Exercise instructions →
All of the listing must be given again exactly, except that the images are dropped.

[Information provided]

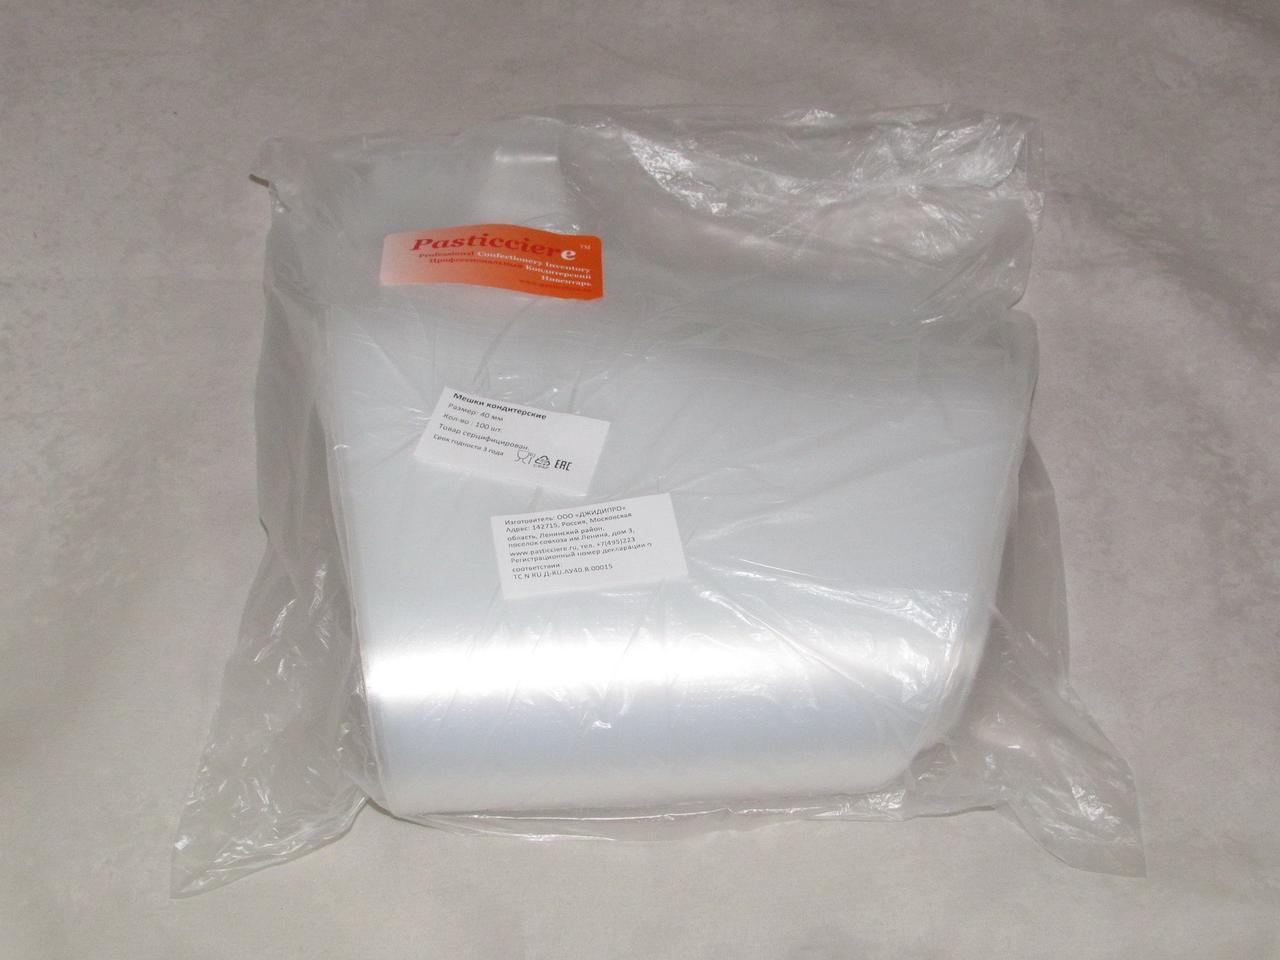 Мешок кондитерский в пачке PASTICCIERE, прозр,  40 см, 100 шт
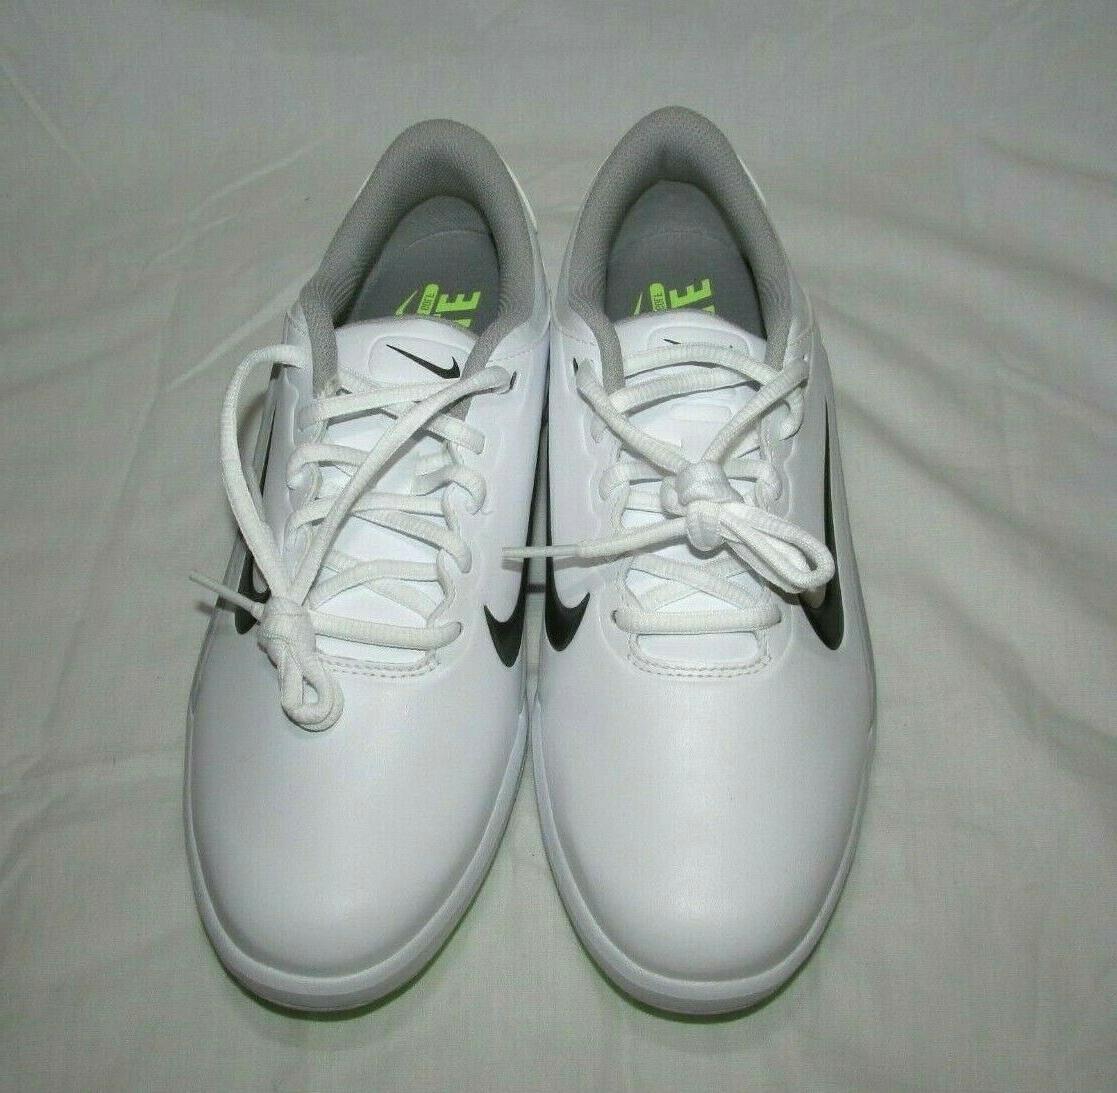 Nike Vapor Shoes 8 Grey
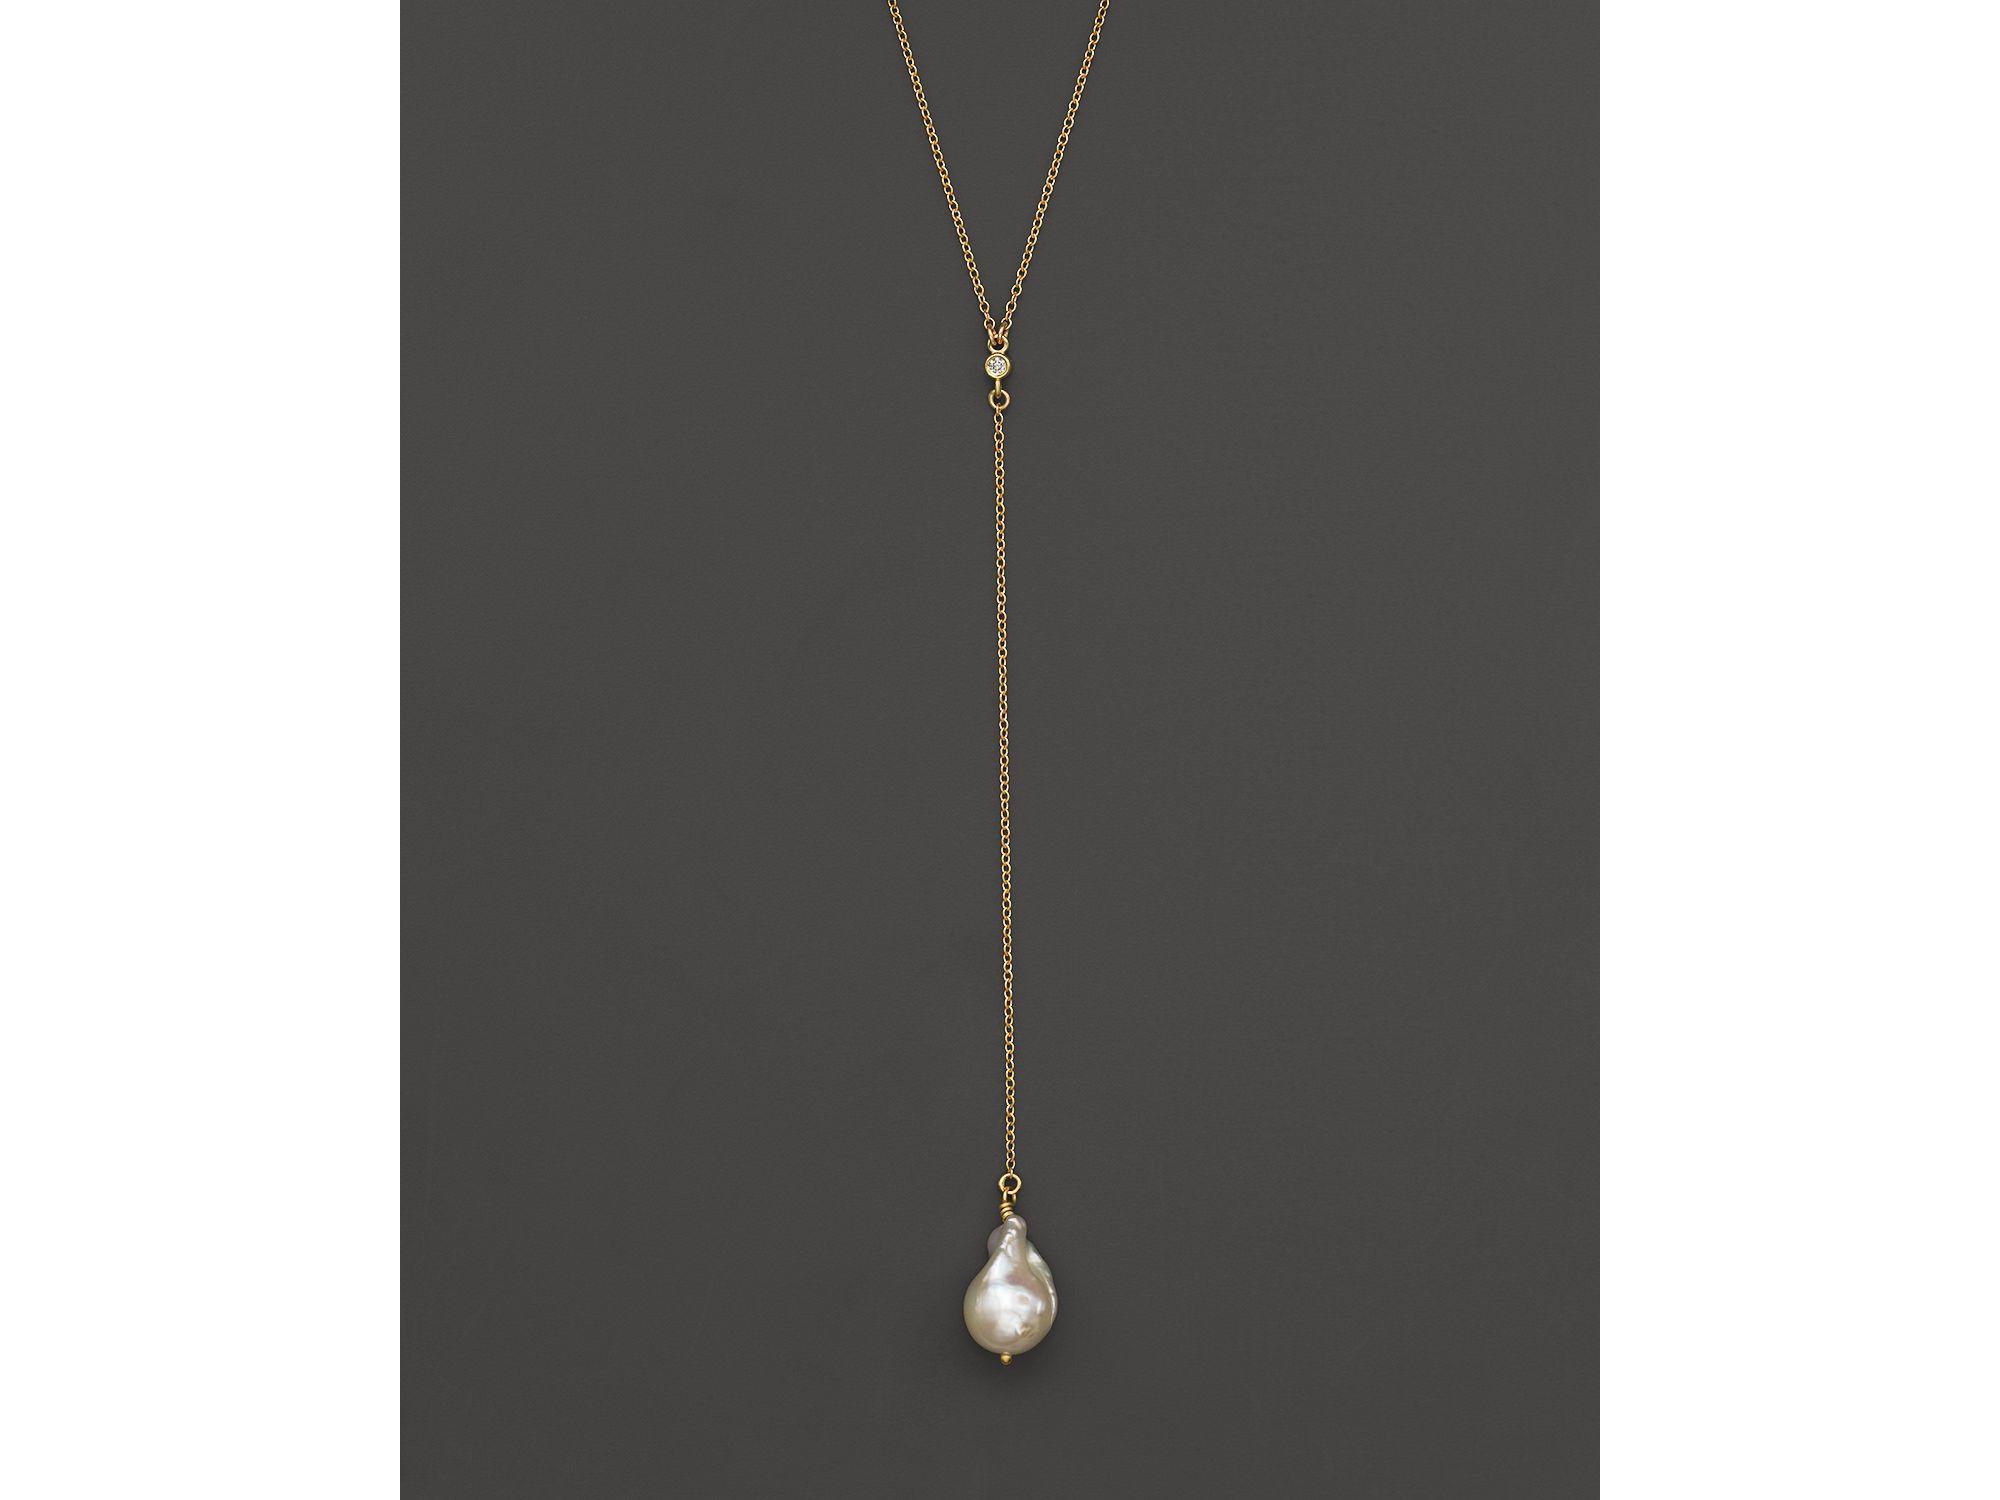 Lyst Mizuki 14k Yellow Gold Cultured Freshwater Pearl

[/Information provided]

Output →
 Мешок кондитерский в пачке PASTICCIERE, прозр,  40 см, 100 шт
 Nike Vapor Shoes 8 Grey
 Lyst Mizuki 14k Yellow Gold Cultured Freshwater Pearl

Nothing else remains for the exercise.